The listing below should be reproduced precisely, except for its images.

**INFORMATION SUPPLIED:**
○ ○ ○ ○
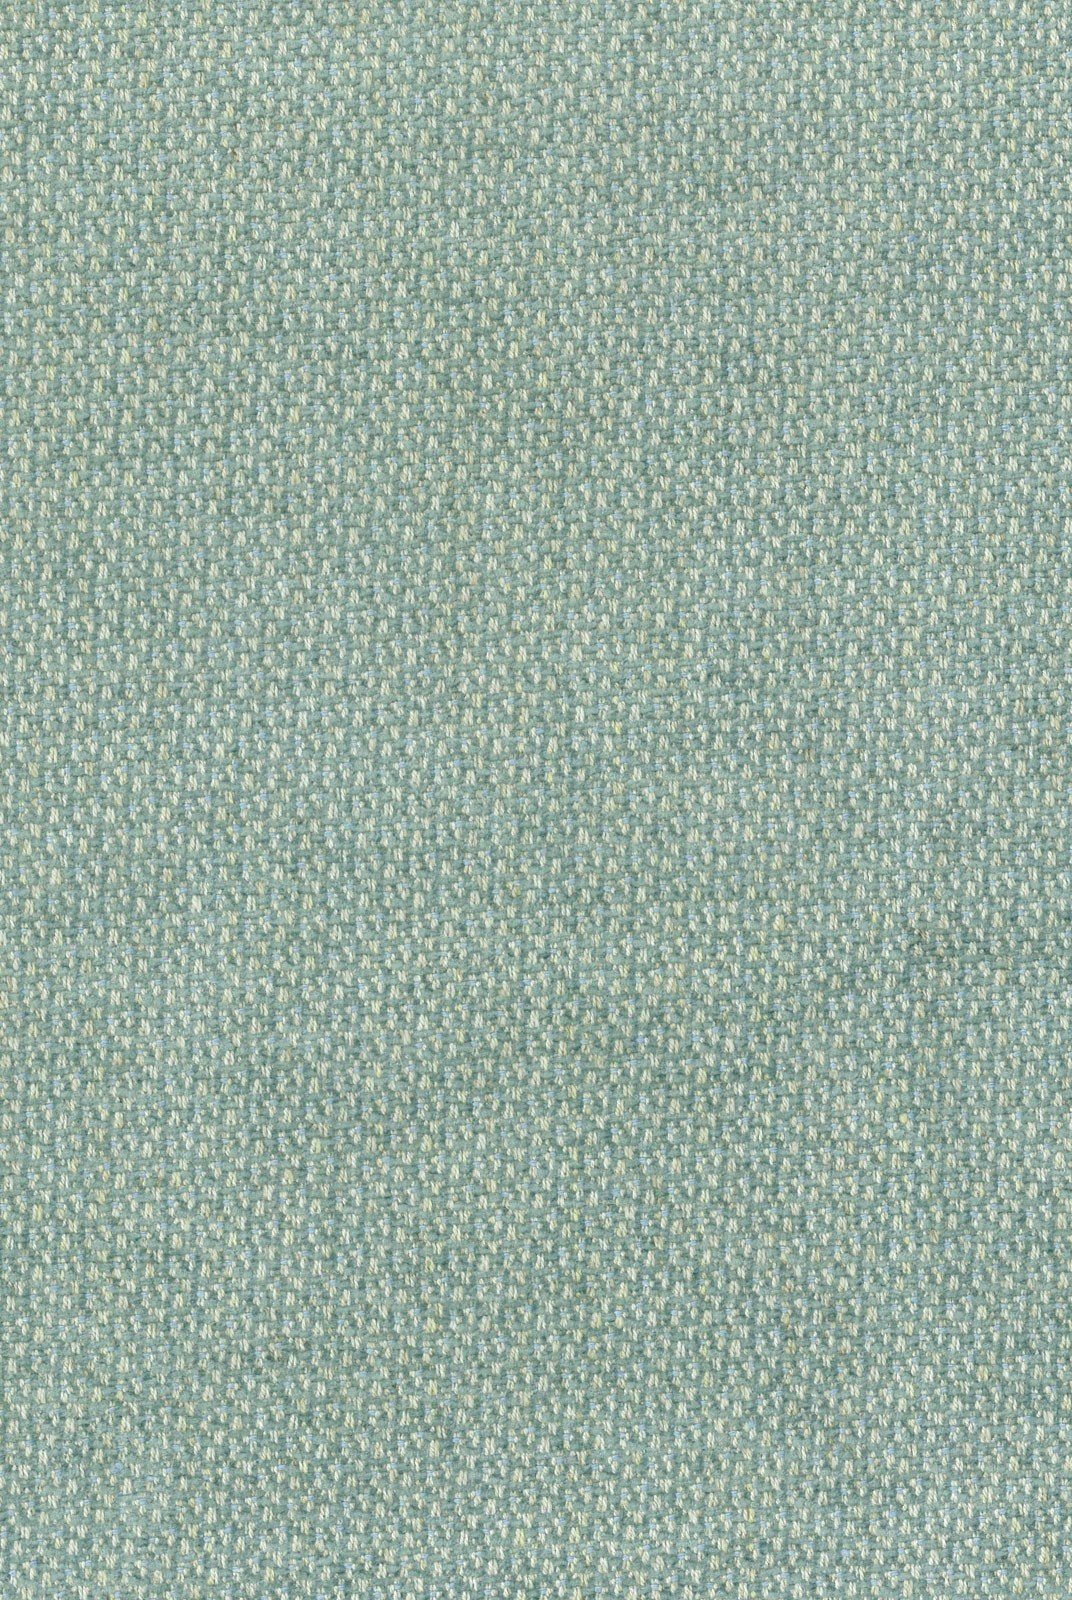 Nina Campbell Fabric - Cathay Weaves Zuli Aqua NCF4162-01
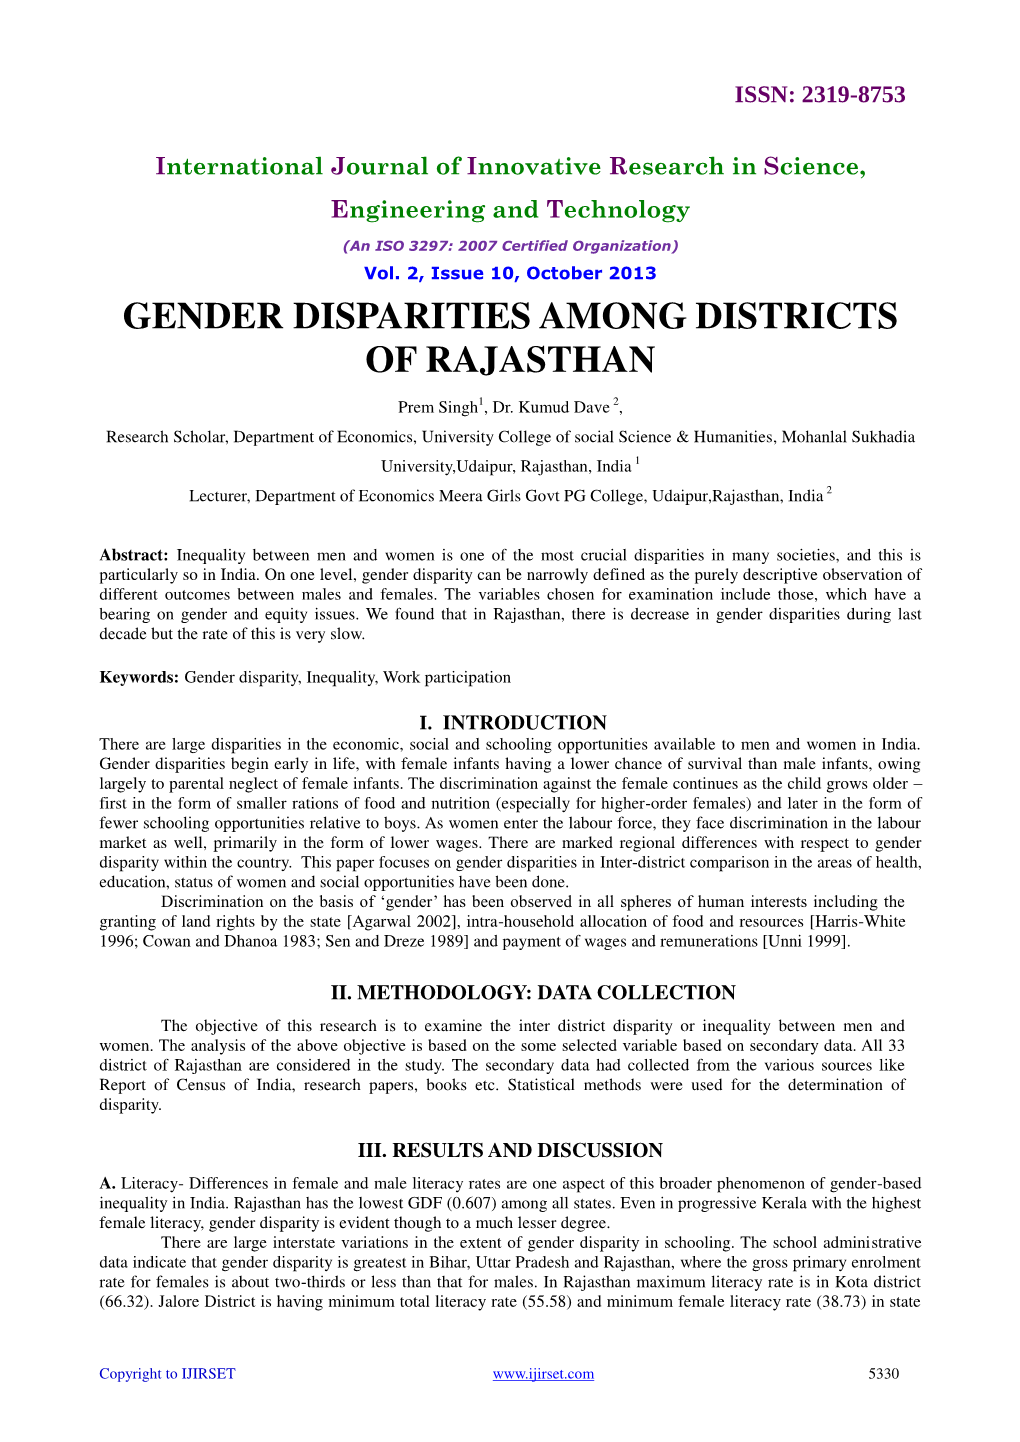 Gender Disparities Among Districts of Rajasthan
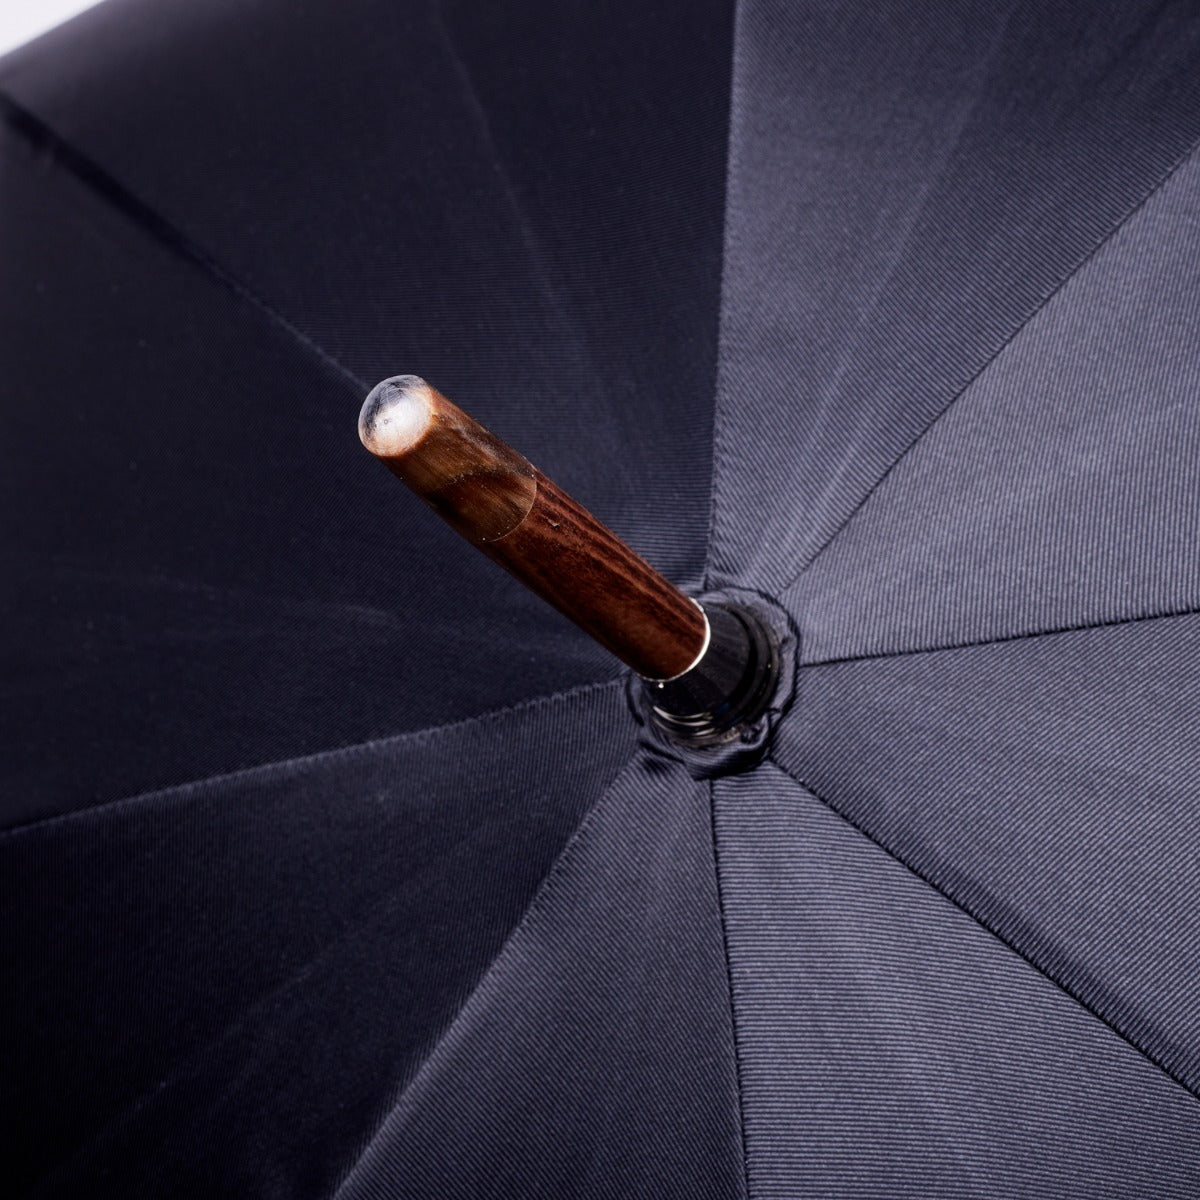 Bamboo Handle Umbrella with Black Canopy
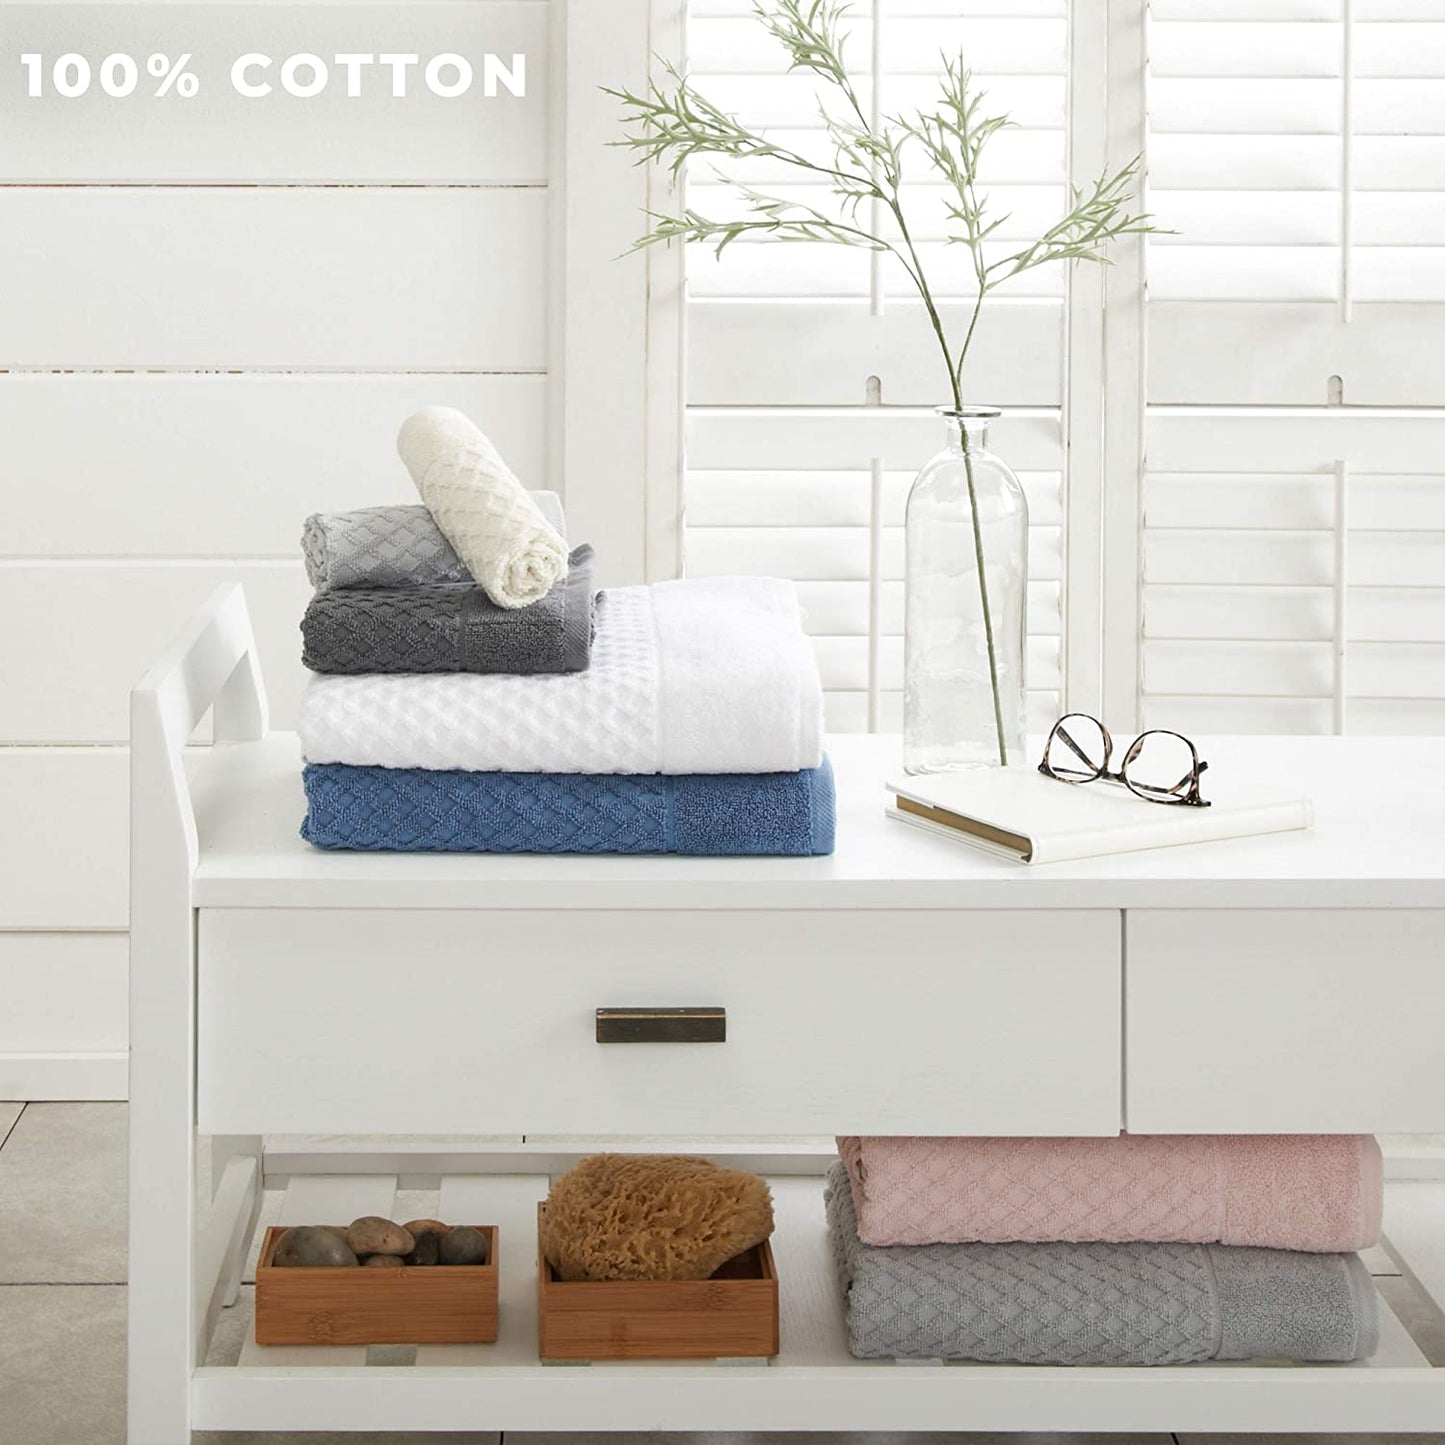 100% Cotton White Diamond Bath Towels (4-Pack)
○ ○ ○ ○
**ANSWER TO THE EXERCISE:**
 Nina Campbell Fabric - Cathay Weaves Zuli Aqua NCF4162-01
 Gender Disparities Among Districts of Rajasthan
 Bamboo Handle Umbrella with Black Canopy
 100% Cotton White Diamond Bath Towels (4-Pack)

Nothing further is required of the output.